The required output is a copy of each line in the material below that includes "Laptop".

--------------------

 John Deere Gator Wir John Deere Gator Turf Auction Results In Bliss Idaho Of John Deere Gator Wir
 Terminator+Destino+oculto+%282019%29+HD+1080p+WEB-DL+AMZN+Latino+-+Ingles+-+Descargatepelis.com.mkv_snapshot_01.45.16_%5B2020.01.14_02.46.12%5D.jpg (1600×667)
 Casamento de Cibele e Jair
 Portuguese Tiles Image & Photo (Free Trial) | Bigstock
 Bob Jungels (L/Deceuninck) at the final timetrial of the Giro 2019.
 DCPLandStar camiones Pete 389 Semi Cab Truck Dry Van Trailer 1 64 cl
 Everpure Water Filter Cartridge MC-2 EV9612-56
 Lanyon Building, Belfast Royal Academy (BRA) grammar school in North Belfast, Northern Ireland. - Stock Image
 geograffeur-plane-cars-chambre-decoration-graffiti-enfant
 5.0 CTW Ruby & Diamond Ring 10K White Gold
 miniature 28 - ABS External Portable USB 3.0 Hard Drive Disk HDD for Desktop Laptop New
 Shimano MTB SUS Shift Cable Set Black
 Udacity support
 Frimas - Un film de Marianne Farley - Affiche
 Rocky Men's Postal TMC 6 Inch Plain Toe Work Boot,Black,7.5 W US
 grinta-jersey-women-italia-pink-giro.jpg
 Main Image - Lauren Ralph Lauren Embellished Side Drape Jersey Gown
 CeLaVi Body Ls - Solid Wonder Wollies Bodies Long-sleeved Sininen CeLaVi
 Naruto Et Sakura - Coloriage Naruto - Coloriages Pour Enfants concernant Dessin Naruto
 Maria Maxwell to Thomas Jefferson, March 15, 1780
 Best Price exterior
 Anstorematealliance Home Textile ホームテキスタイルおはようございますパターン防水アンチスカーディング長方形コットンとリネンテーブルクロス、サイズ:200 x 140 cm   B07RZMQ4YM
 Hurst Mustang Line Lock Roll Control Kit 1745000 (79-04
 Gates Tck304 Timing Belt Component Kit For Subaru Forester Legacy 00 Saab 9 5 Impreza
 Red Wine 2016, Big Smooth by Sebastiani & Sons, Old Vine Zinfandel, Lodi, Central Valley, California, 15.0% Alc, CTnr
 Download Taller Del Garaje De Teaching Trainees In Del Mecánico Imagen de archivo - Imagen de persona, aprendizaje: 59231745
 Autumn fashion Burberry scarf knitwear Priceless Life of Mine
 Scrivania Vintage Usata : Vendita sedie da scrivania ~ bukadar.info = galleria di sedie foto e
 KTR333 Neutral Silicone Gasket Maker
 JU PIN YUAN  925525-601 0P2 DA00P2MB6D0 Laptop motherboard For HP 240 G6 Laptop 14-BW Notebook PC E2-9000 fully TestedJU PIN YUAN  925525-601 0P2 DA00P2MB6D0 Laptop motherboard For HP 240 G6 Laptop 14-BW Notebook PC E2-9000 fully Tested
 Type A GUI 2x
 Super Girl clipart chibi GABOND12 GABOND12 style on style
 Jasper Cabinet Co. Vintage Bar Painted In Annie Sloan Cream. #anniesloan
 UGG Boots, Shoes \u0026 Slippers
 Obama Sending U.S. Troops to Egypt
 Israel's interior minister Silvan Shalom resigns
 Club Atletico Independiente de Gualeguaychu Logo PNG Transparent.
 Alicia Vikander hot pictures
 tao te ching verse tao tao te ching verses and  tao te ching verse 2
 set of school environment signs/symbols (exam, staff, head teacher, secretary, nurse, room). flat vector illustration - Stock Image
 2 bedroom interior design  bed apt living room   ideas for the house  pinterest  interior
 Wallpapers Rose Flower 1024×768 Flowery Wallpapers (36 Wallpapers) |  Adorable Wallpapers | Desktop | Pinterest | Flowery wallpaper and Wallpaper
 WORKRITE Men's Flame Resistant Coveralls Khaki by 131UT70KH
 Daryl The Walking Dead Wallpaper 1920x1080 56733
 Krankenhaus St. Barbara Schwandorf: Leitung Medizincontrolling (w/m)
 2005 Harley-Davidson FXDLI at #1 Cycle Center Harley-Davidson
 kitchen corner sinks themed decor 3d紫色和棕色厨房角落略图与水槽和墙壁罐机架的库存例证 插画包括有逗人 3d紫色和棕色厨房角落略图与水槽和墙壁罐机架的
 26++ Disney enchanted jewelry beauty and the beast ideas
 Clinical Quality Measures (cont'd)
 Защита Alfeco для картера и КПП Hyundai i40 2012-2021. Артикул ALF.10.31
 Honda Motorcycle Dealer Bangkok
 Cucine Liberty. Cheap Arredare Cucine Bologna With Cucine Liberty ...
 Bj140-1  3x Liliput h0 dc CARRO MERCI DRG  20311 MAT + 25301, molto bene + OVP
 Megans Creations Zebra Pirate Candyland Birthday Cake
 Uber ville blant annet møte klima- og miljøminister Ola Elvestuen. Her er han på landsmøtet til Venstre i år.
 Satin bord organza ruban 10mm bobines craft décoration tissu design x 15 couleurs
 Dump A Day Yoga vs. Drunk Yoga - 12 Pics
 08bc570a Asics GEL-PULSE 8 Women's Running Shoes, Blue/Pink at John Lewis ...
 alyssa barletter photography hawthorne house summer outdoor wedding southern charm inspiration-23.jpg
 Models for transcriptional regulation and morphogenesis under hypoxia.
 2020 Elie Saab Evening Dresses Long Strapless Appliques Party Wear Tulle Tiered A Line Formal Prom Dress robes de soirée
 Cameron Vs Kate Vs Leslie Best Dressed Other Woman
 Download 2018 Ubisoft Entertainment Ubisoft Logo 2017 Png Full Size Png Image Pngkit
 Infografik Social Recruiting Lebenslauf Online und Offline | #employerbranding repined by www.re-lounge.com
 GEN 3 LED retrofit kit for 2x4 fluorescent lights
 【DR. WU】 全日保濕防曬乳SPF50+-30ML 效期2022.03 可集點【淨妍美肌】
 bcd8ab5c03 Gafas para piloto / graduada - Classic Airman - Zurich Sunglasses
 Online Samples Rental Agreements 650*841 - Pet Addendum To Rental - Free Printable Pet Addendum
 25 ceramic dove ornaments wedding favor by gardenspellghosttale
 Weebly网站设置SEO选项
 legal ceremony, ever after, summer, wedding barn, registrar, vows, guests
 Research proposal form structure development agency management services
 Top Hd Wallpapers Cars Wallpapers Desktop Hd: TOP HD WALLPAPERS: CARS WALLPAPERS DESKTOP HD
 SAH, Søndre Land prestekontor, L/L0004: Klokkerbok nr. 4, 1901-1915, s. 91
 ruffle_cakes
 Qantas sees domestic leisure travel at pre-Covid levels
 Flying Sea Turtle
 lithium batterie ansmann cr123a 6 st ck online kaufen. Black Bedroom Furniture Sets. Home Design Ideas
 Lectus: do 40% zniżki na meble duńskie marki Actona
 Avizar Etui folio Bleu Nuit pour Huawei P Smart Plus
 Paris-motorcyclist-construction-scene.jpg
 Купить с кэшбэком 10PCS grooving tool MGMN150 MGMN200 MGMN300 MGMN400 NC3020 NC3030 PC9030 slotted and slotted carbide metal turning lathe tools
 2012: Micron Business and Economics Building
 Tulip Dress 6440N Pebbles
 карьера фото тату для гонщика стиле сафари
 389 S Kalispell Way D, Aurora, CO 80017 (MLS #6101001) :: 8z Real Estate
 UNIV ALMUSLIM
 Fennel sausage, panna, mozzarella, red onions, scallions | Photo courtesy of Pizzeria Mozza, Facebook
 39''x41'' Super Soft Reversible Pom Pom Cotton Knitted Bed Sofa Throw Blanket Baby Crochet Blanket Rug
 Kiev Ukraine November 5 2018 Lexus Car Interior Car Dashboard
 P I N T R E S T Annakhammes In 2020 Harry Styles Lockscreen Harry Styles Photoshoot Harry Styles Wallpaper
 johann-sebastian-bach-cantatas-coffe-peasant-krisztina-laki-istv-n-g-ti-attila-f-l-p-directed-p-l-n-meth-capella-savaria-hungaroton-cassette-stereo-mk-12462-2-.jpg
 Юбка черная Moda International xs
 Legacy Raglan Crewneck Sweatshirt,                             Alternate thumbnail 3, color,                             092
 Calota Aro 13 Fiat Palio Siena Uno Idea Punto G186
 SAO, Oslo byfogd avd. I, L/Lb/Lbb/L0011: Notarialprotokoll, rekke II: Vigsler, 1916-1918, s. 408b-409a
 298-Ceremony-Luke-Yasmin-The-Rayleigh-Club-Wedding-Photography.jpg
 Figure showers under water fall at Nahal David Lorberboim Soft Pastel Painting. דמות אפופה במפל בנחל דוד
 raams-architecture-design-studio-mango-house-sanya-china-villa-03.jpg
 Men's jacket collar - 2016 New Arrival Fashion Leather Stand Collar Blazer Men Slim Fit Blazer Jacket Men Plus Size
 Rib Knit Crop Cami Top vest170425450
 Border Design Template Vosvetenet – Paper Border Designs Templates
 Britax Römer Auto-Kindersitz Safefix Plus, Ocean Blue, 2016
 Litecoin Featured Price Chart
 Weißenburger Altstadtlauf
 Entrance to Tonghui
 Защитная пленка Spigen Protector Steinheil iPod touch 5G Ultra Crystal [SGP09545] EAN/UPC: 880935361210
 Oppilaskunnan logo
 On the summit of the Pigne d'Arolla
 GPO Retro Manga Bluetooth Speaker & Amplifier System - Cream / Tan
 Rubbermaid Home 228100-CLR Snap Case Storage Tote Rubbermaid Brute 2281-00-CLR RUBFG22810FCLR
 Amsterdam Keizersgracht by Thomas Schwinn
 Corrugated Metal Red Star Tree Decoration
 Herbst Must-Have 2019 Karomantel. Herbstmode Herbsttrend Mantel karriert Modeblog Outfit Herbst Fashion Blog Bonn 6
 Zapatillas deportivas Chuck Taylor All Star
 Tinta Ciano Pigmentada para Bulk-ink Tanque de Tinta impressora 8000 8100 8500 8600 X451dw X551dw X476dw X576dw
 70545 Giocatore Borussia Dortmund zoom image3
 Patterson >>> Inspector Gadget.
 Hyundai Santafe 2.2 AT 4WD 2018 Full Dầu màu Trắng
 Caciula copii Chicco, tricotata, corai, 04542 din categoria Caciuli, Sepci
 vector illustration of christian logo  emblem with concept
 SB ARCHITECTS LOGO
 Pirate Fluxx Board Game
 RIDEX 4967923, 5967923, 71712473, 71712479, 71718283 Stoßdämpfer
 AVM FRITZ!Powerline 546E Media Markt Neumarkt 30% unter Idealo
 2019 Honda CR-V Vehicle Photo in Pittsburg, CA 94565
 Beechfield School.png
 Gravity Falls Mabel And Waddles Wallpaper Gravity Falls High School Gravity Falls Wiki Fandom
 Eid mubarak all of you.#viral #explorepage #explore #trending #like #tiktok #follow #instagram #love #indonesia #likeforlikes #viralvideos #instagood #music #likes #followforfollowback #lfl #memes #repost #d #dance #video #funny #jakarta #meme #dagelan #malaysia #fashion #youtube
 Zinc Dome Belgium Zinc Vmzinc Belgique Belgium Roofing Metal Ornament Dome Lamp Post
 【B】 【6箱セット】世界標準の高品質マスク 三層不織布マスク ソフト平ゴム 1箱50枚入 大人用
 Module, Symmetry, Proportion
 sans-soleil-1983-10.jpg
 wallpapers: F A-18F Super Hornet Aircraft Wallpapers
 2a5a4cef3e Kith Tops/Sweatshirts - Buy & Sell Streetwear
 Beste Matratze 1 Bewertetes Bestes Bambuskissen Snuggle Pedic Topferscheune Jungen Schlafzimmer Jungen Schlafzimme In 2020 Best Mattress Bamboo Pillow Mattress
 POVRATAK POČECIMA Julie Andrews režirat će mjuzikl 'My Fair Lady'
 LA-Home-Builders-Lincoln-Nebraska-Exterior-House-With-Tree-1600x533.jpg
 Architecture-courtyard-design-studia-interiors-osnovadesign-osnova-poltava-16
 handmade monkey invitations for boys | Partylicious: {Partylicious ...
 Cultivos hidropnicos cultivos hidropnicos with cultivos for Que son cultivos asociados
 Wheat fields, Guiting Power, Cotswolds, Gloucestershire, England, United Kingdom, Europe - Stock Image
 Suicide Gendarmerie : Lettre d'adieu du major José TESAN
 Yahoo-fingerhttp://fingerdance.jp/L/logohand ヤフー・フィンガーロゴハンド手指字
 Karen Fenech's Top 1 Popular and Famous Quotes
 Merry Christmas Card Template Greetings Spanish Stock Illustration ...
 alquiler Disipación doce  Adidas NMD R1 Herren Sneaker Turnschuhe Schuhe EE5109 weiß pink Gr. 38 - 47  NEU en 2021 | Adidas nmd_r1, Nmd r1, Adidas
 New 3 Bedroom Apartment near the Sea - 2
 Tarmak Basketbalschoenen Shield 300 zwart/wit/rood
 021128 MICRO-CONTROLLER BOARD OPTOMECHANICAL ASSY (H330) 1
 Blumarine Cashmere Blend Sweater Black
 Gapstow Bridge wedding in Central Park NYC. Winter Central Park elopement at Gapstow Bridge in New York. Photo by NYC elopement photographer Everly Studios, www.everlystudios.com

--------------------

■ **Completed task**
 miniature 28 - ABS External Portable USB 3.0 Hard Drive Disk HDD for Desktop Laptop New
 JU PIN YUAN  925525-601 0P2 DA00P2MB6D0 Laptop motherboard For HP 240 G6 Laptop 14-BW Notebook PC E2-9000 fully TestedJU PIN YUAN  925525-601 0P2 DA00P2MB6D0 Laptop motherboard For HP 240 G6 Laptop 14-BW Notebook PC E2-9000 fully Tested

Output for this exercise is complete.